- The promotional logo image of Naya Roop Nayi Zindagi.
- Created by: Howard Schultz in association with Disney-ABC International Television Ltd
- Directed by: Bimal Unnikrishnan
- Presented by: Mona Singh
- Opening theme: "Naya Roop Nayi Zindagi," music: Raju Singh, singer: Shaan, lyrics: Sandeep Srivastava
- Country of origin: India
- No. of episodes: 10

Production
- Producer: Miditech Pvt. Ltd
- Running time: approximately 52 minutes

Original release
- Network: Sony TV
- Release: 1 May – 3 July 2008

= Naya Roop Nayi Zindagi =

Naya Roop Nayi Zindagi is a reality television show that aired on Sony TV, from May 1, 2008 to July 3, 2008. The show was an Indian version of the American show Extreme Makeover.

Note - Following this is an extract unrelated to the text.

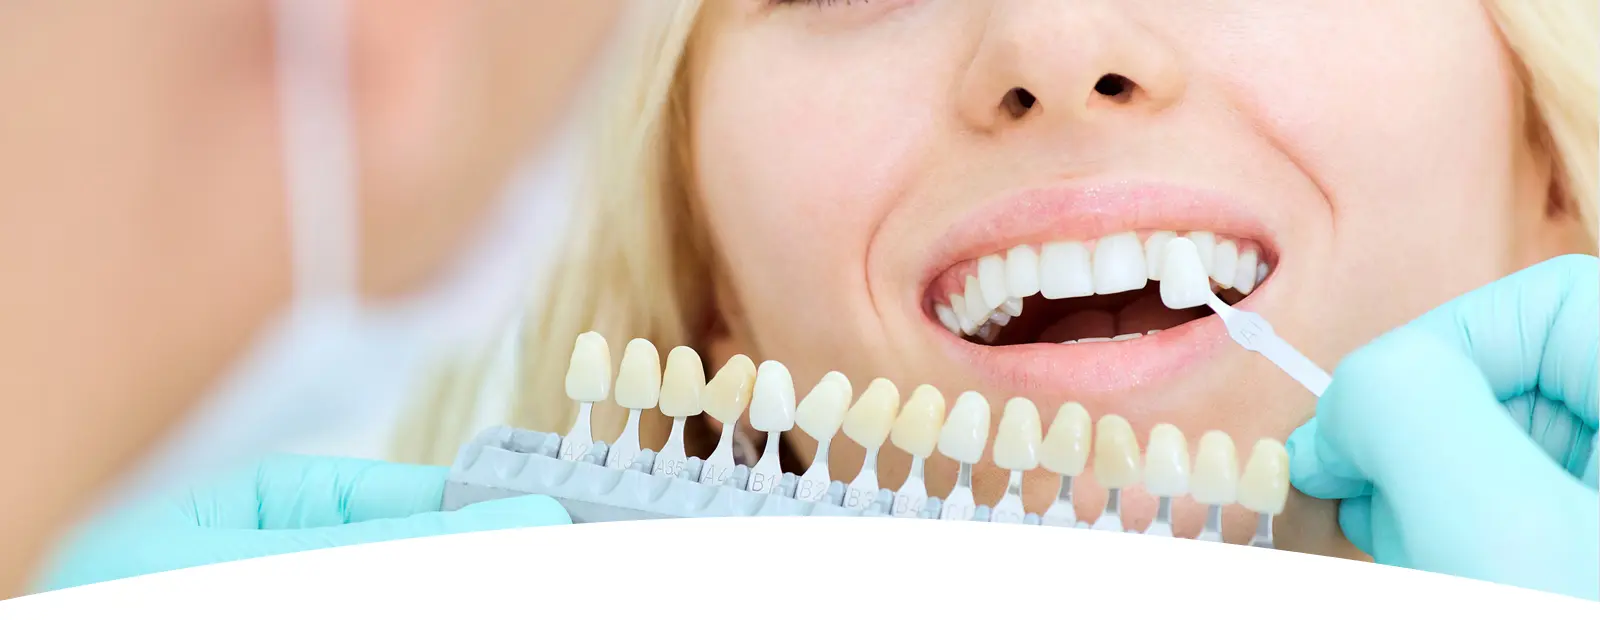 Mituri despre fatetele dentare

It is anchored by Mona Singh, popularly known as Jassi.

== Concept ==
The 10-week reality show consists of 10 candidates who undergo facial correction surgeries — reconstructive and cosmetic, dental and eye surgeries combined with fitness, diet and styling. Each story is about the skin deep transformation and a completely new change in life. It is a journey equivalent to getting a new life, from styling to fitness and counseling to dream fulfillment. In the 10 weeks ordinary people, through the medium of TV, meet extraordinary experts who work with them to help them reach their full physical and emotional potential.

Naya Roop Nayi Zindagi was directed by Bimal Unnikrishnan for Miditech on behalf of Sony Entertainment Television. The script narrator was Rajiv Pandey.